# How many eigenvectors for one eigenvalue?

Consider this matrix: $\begin{bmatrix}2-\lambda & -1 & 2\\-1&2-\lambda&2\\2&2&-1-\lambda\end{bmatrix}$ and the eigenvalues $-3$,$3$ and $3$.

The corresponding eigenvectors are $\begin{pmatrix}-1\\-1\\2\end{pmatrix}$, $\begin{pmatrix}1\\-1\\0\end{pmatrix}$ and $\begin{pmatrix}2\\0\\1\end{pmatrix}$.

The solution to the linear system can be $\begin{pmatrix}-a+2b\\a\\b\end{pmatrix}$, $\begin{pmatrix}a\\2b-a\\b\end{pmatrix}$ and $\begin{pmatrix}a\\b\\\frac{a+b}{2}\end{pmatrix}$.

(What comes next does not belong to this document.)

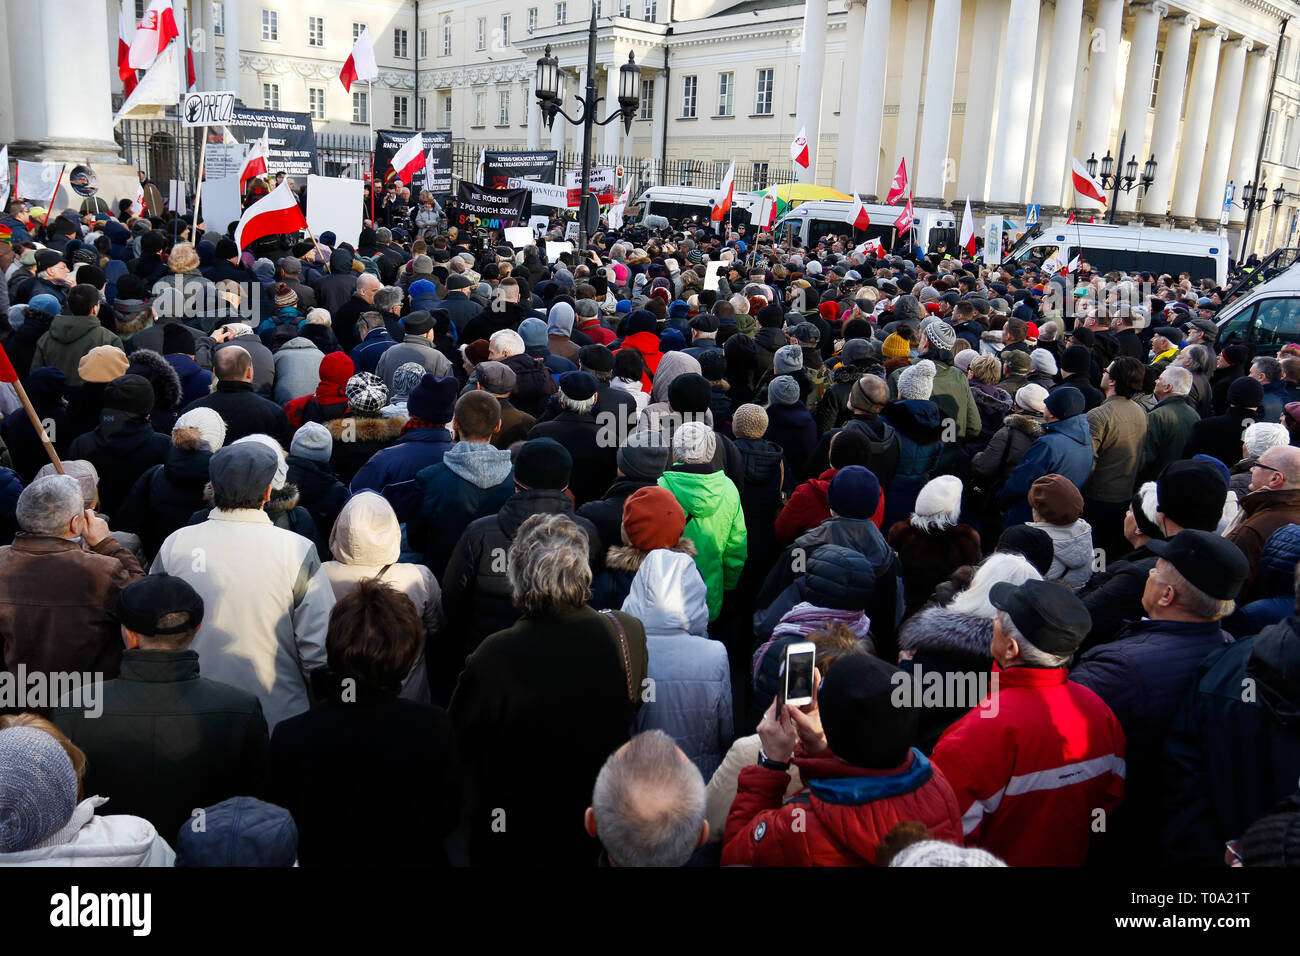 Warschau, Polen. 18. Mär 2019. Protest gegen LGBT-Erklärungen, Kredit: Lidia Mukhamadeeva/Alamy leben Nachrichten Stockfoto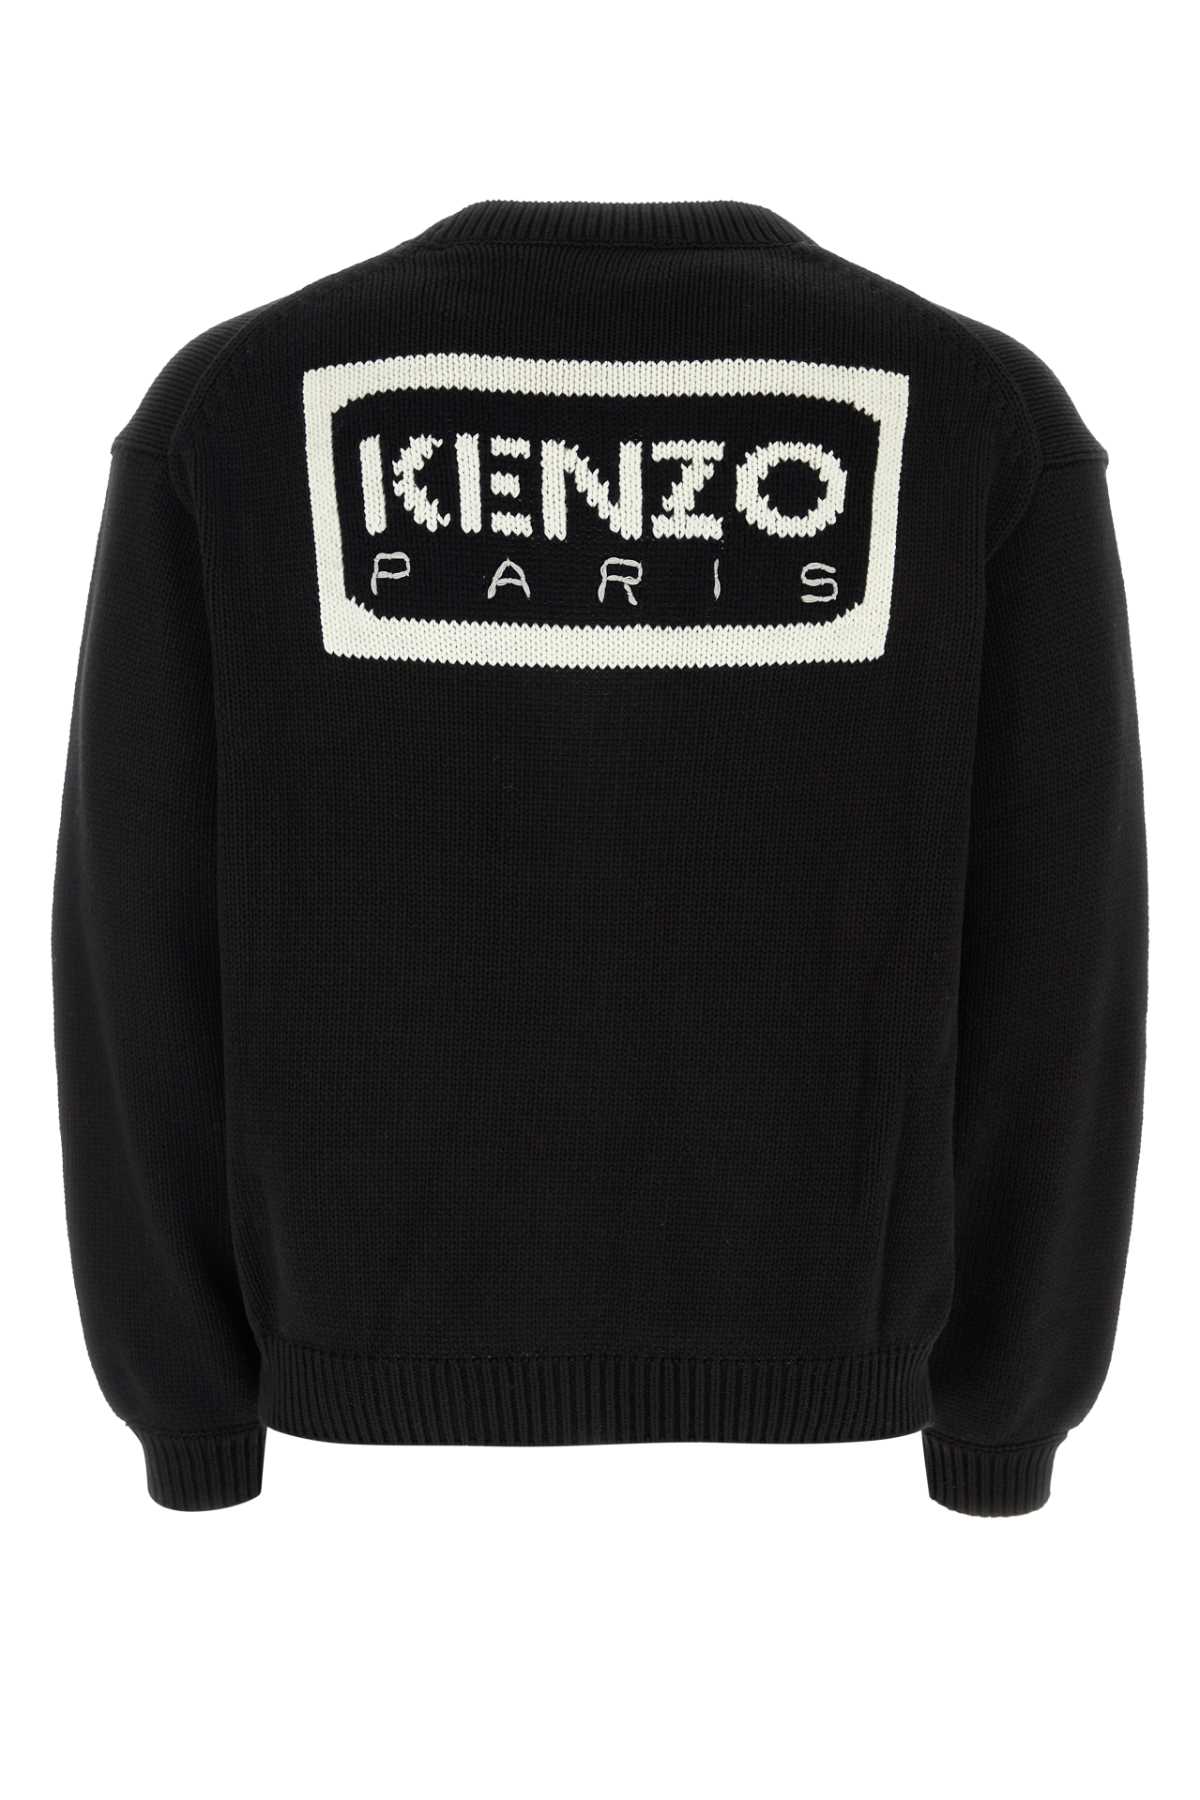 Kenzo Black Stretch Cotton Blend Cardigan

My question is, why are there two eigenvectors for the eigenvalue $3$? Since there are two variables $a$ and $b$, aren't there infinite linearly independent vectors? So why pick these two in particular? And why two and not one or three or more?

## 1 Answer

Whenever there is a double root in the characteristic equation giving a repeated eigenvalue as you have here, then there are infinitely many eigenvectors, correspondong to this eigenvalue, all of which are coplanar. You can therefore choose any two independent (non-parallel) vectors in this plane to be the eigenvectors.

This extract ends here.